絵と詩で描く無限の世界
秩父で「宇宙曼陀羅展」

2006年5月11日(木) 埼玉新聞
 
 秩父市在住の画家、新井智江さん(52)の絵に、小鹿野町在住の詩人、水村健治さん(62)の詩を添えた「宇宙曼陀羅(まんだら)展」が、秩父市東町の喫茶店「珈琲道ぢろばた」で三十一日まで開かれている。

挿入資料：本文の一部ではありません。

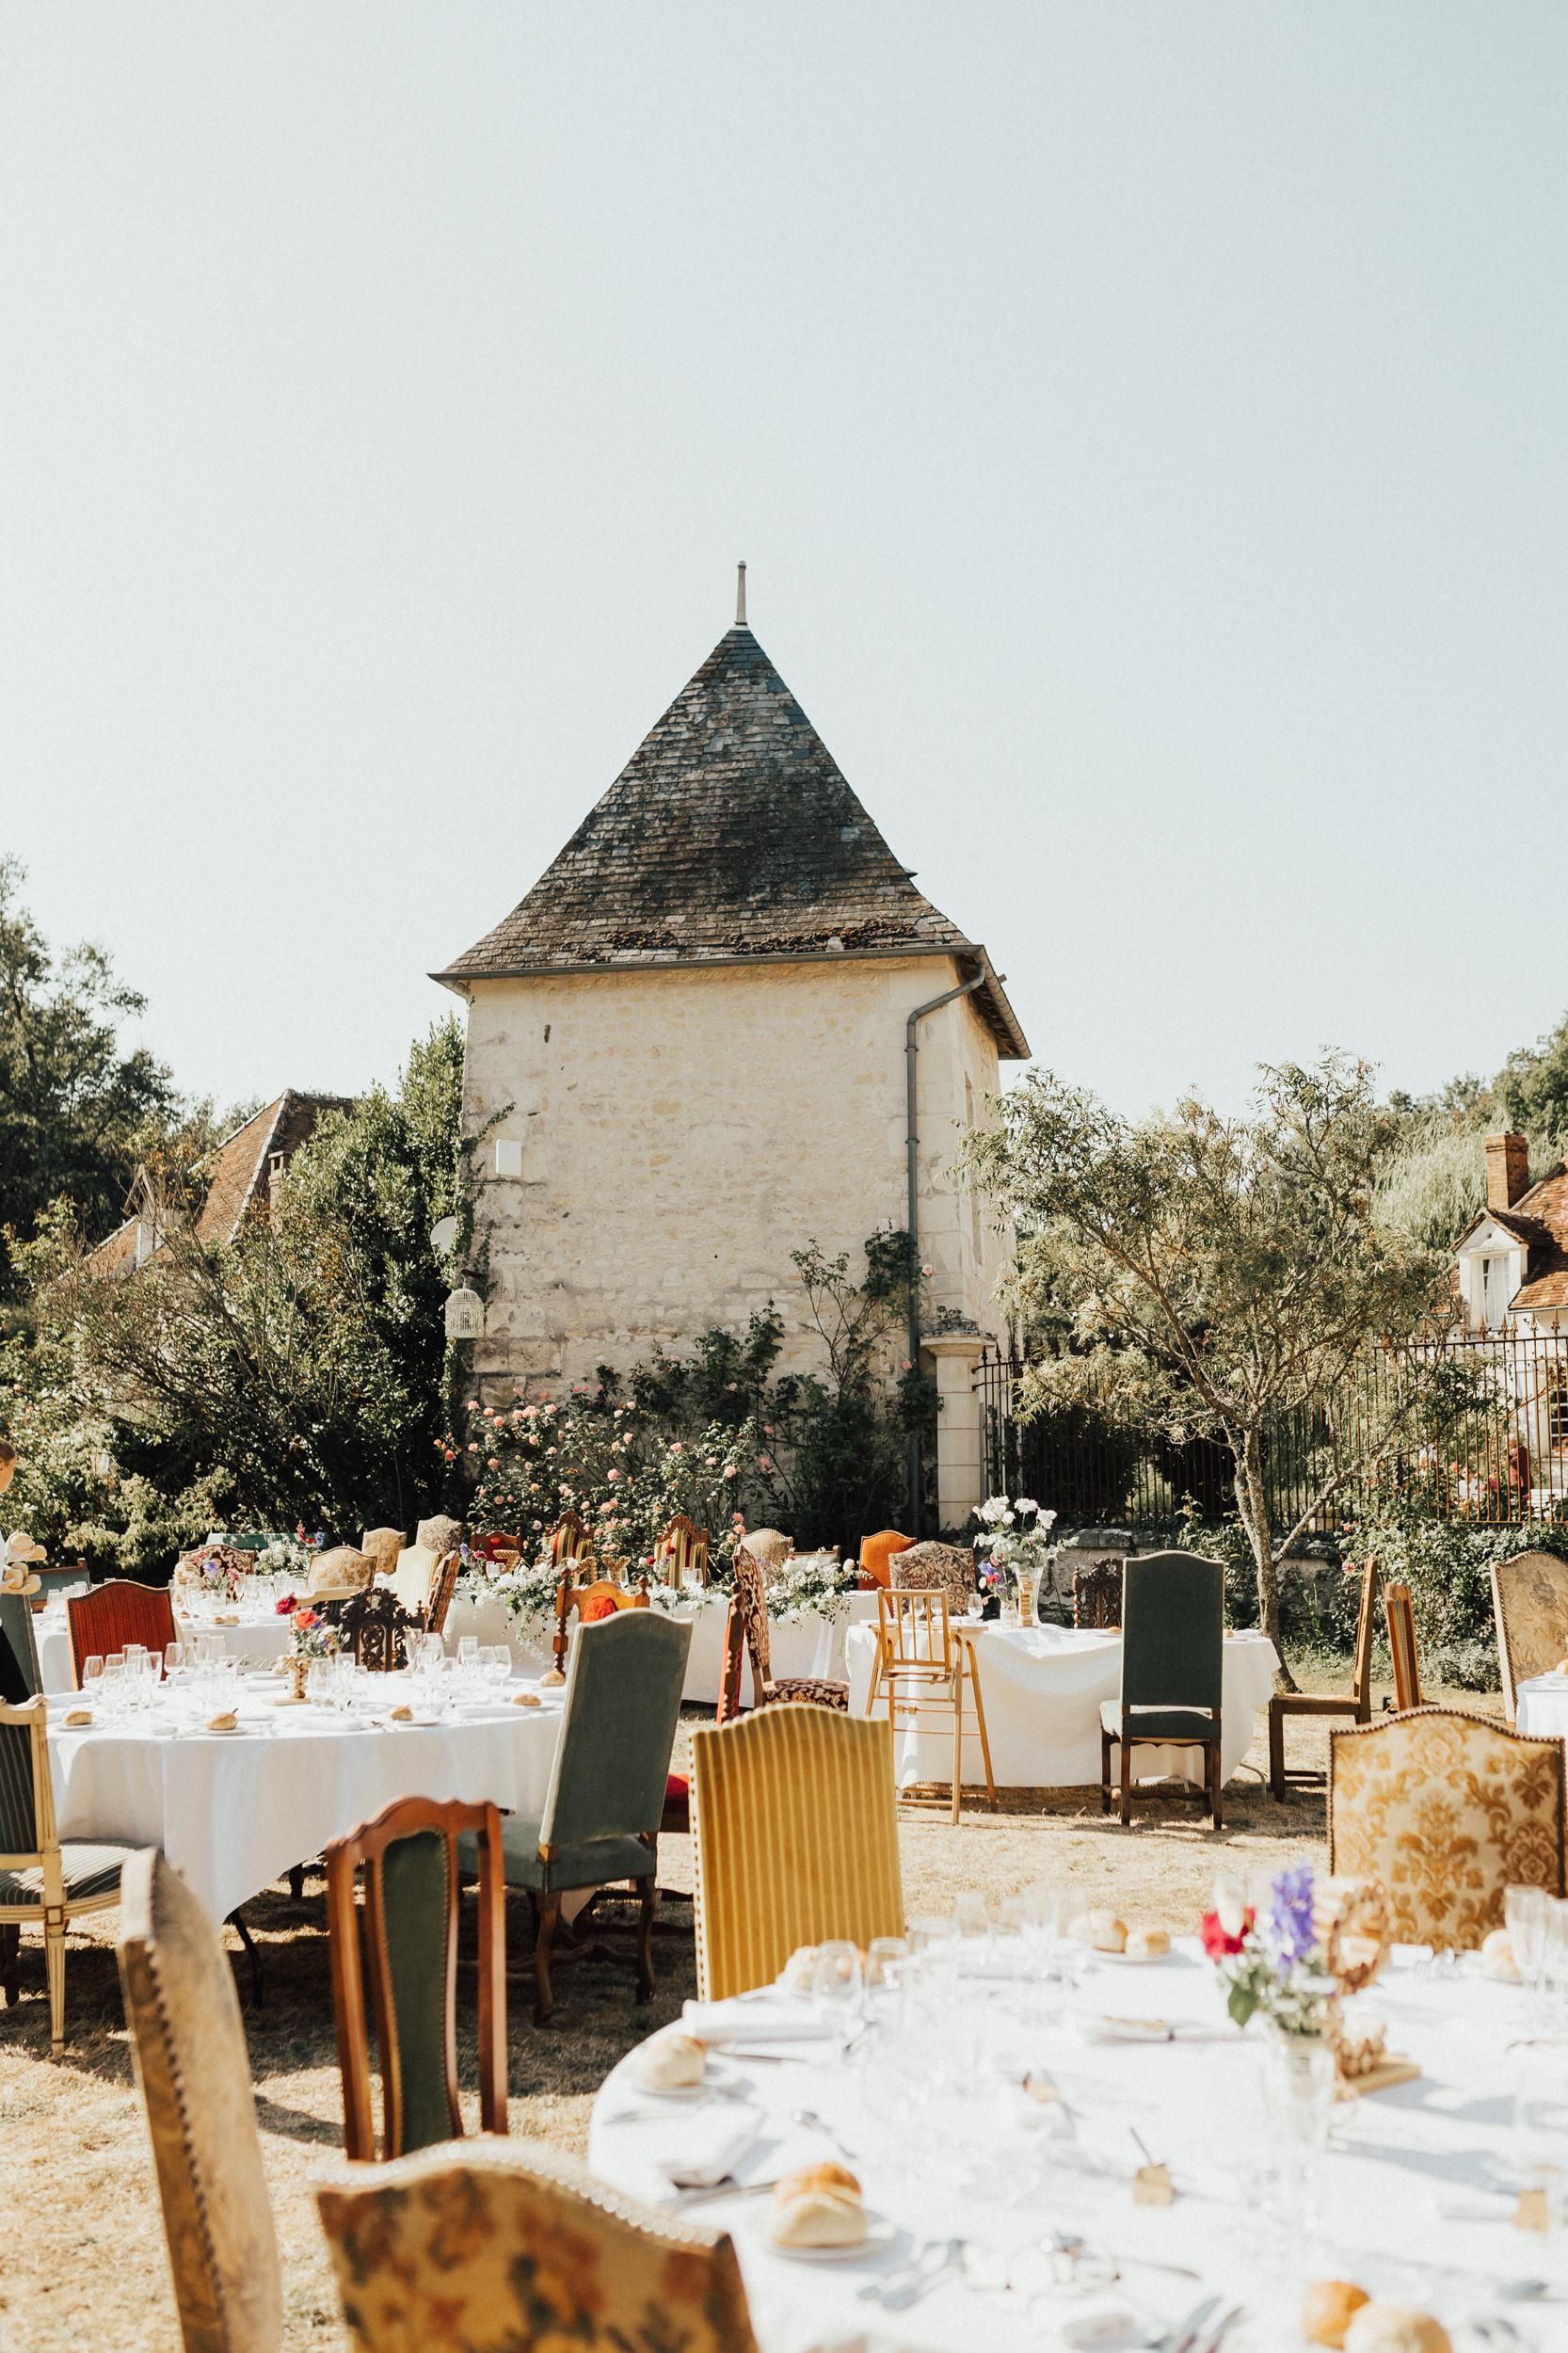 Amy-Zac-Destination-Wedding-France-Manoir-Foulquetiere-Darina-Stoda-Photography-60.jpg

「宇宙曼陀羅展」で絵を描いた新井智江さん(写真左)と詩を書いた水村健治さん=秩父市東町の珈琲道ぢろばた

 新井さんは福島県白河市出身。一九七九、八〇年に現代童画展に入選。九五年から秩父市に移り住み、創作活動を行っている。
 水村さんは七七年に都内の中学校事務職員を辞め、農業を志して小鹿野町へ。現在は手作り豆腐の工房を経営しながら詩作を行っている。
 まるで春の花畑のようにきらめく星々、生まれたての銀河、地球での生命誕生を連想させる作品など、生命力あふれる宇宙を描いた十六点の絵を展示。絵からインスピレーションを得た水村さんの詩が、絵の世界の奥行きを広げている。
 新井さんはダイナミックな表現を得るため、絵筆は使わず、指や手のひらに直接絵の具を付けて描いた。「生命を描くなら、体を使って、生命をぶつけて描くしかない」という。
 水村さんも「地球ほど生命があふれる星はない。人間の世界になって加速度的に破壊が進んでおり、地球を大事にしなければという思いを込めた」と話している。